The software may include a computer program, a piece of code, an instruction, or some combination thereof, to independently or uniformly instruct or configure the processing device to operate as desired. Software and data may be embodied permanently or temporarily in any type of machine, component, physical or virtual equipment, computer storage medium or device, or in a propagated signal wave capable of providing instructions or data to or being interpreted by the processing device. The software also may be distributed over network-coupled computer systems so that the software is stored and executed in a distributed fashion. The software and data may be stored by one or more non-transitory computer-readable recording mediums.

The methods according to the above-described examples may be recorded in non-transitory computer-readable media including program instructions to implement various operations of the above-described examples. The media may also include, alone or in combination with the program instructions, data files, data structures, and the like. The program instructions recorded on the media may be those specially designed and constructed for the purposes of examples, or they may be of the kind well-known and available to those having skill in the computer software arts. Examples of non-transitory computer-readable media include magnetic media such as hard disks, floppy disks, and magnetic tape; optical media such as CD-ROM discs, DVDs, and/or Blue-ray discs; magneto-optical media such as optical discs; and hardware devices that are specially configured to store and perform program instructions, such as read-only memory (ROM), random access memory (RAM), flash memory (e.g., USB flash drives, memory cards, memory sticks, etc.), and the like. Examples of program instructions include both machine code, such as produced by a compiler, and files containing higher-level code that may be executed by the computer using an interpreter.

The above-described hardware devices may be configured to act as one or more software modules in order to perform the operations of the above-described examples, or vice versa.

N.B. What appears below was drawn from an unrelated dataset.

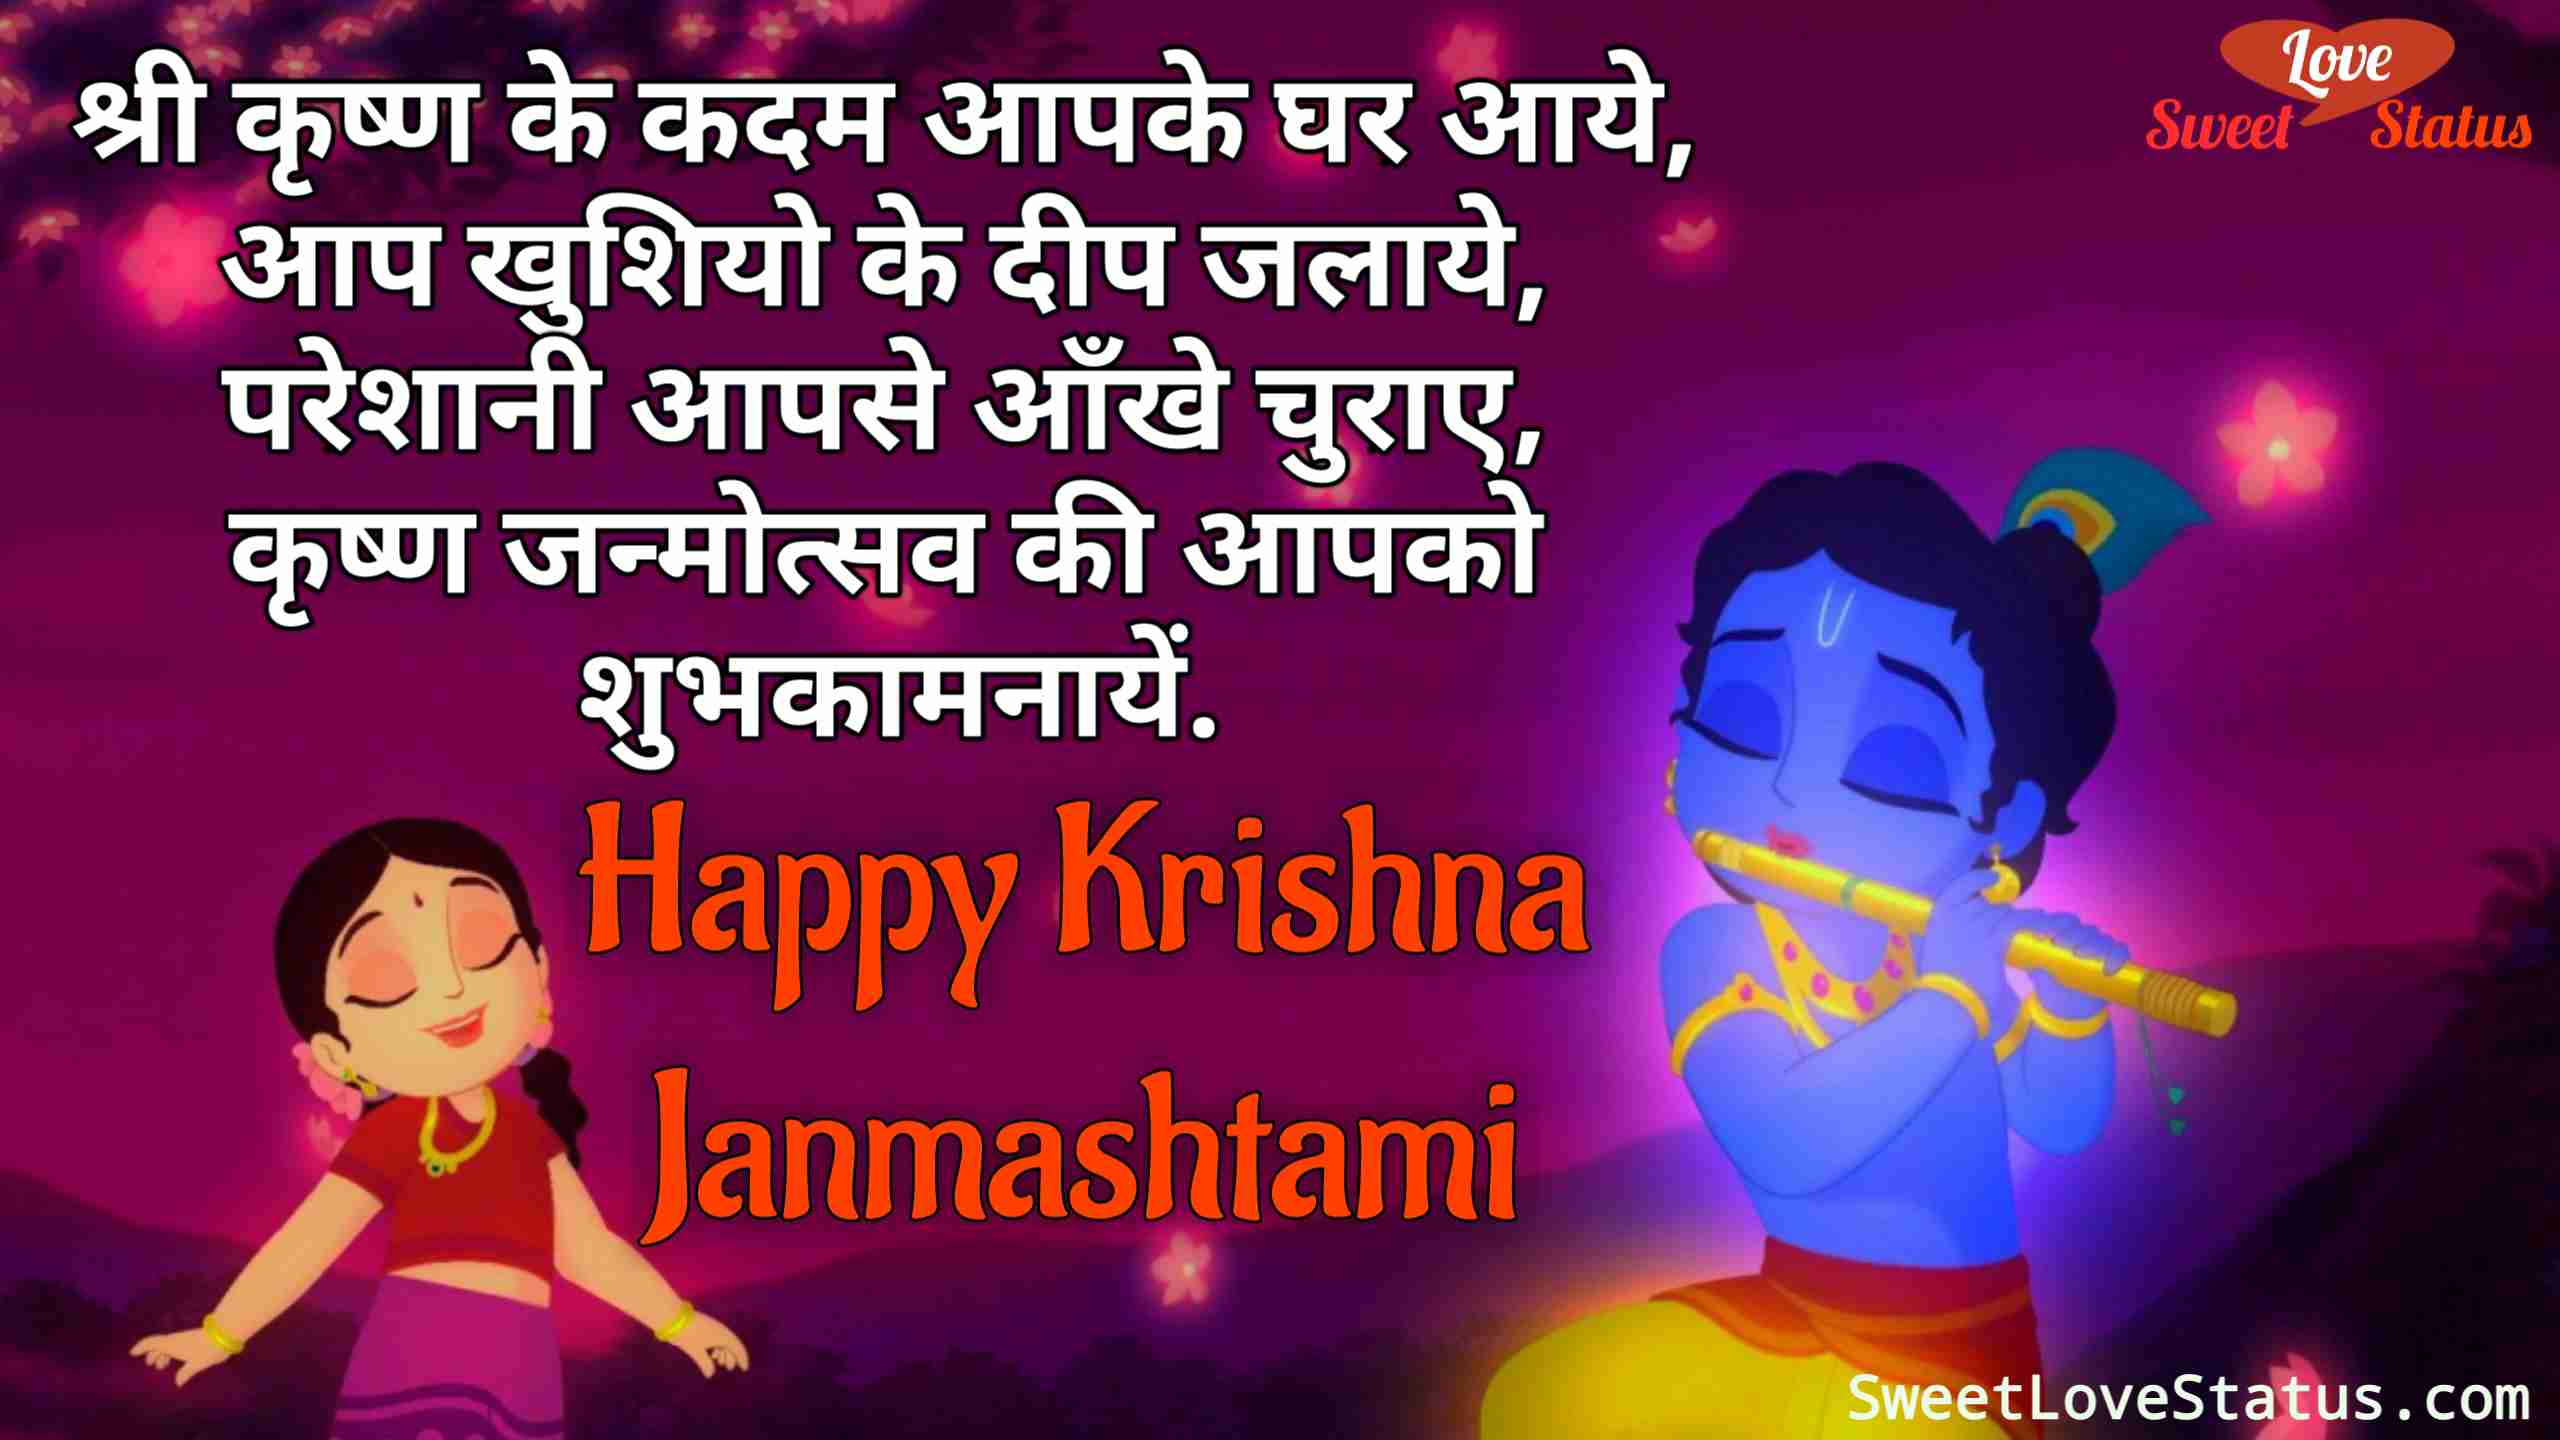 happy janmashtami images, Happy krishna janmashtami images, Happy janmashtami wallpapers, Krishna janmashtami pictures,

As described above, although the examples have been described with reference to the limited drawings, a person skilled in the art may apply various technical modifications and variations based thereon. For example, suitable results may be achieved if the described techniques are performed in a different order and/or if components in a described system, architecture, device, or circuit are combined in a different manner and/or replaced or supplemented by other components or their equivalents.

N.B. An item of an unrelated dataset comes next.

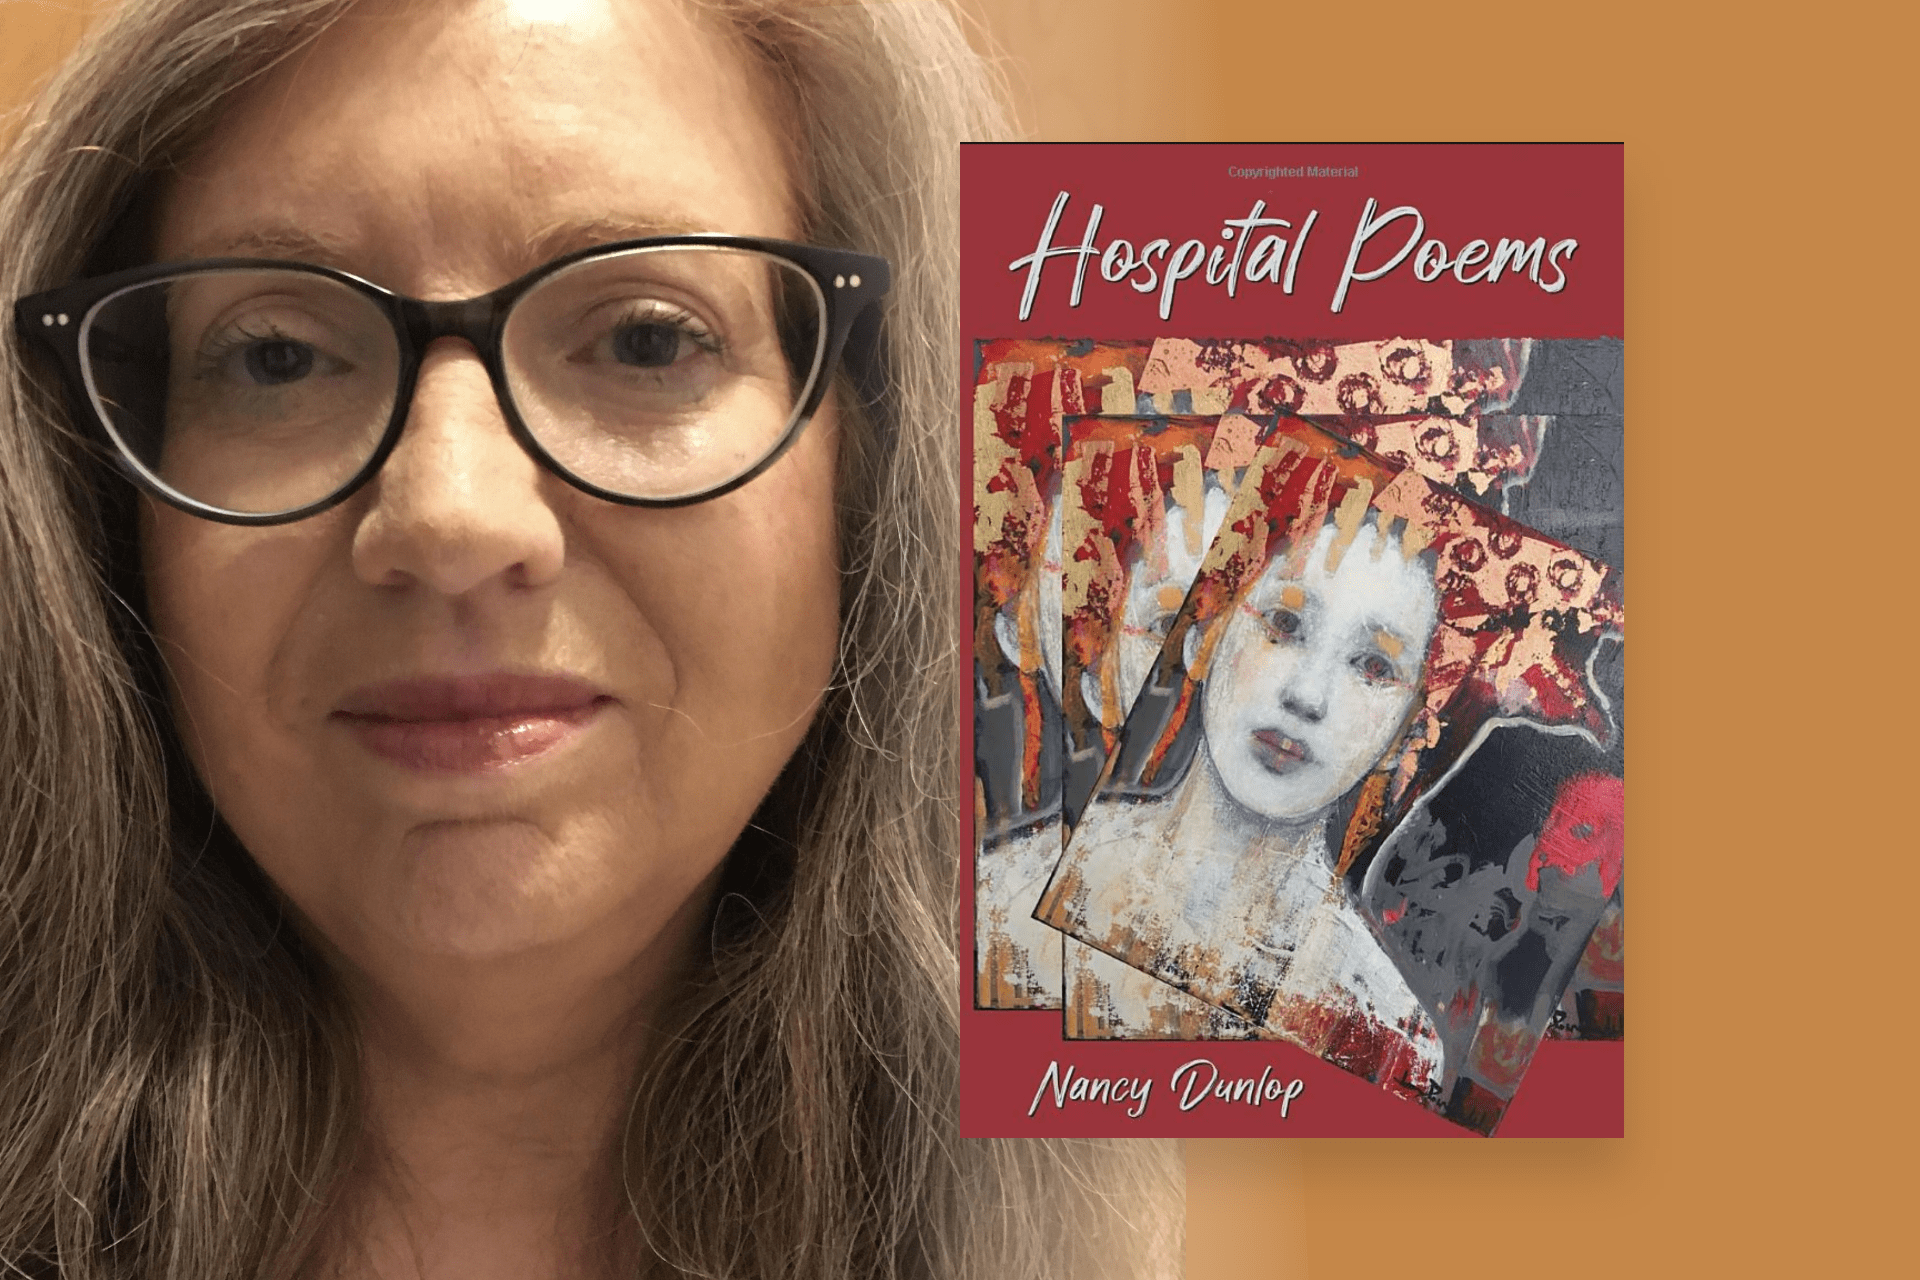 Hospital Poems by Nancy Dunlop

Therefore, other implementations, other examples, and equivalents to the claims are also within the scope of the following claims.

Claims

1. A method comprising:

forming an input image set by combining a visible light image and an infrared image;

estimating an illuminant map representing an illuminant configuration of the input image set and a confidence score map representing a correlation between the visible light image and the infrared image, using a neural network model; and

determining illuminant information of the visible light image based on the illuminant map and the confidence score map.

2. The method of claim 1, wherein

the illuminant map represents the illuminant configuration for each local area, and

the confidence score map represents the correlation between the visible light image and the infrared image for the each local area.

3. The method of claim 1, wherein the neural network model comprises:

a first sub-model configured to estimate the illuminant map from the input image set; and

a second sub-model configured to estimate the confidence score map from the input image set.

4. The method of claim 3, wherein the second sub-model comprises:

a first feature extraction model configured to extract a visible light feature map from the visible light image of the input image set;

a second feature extraction model configured to extract an infrared feature map from the infrared image of the input image set; and

a confidence score estimation model configured to estimate the confidence score map based on a correlation between the visible light feature map and the infrared feature map.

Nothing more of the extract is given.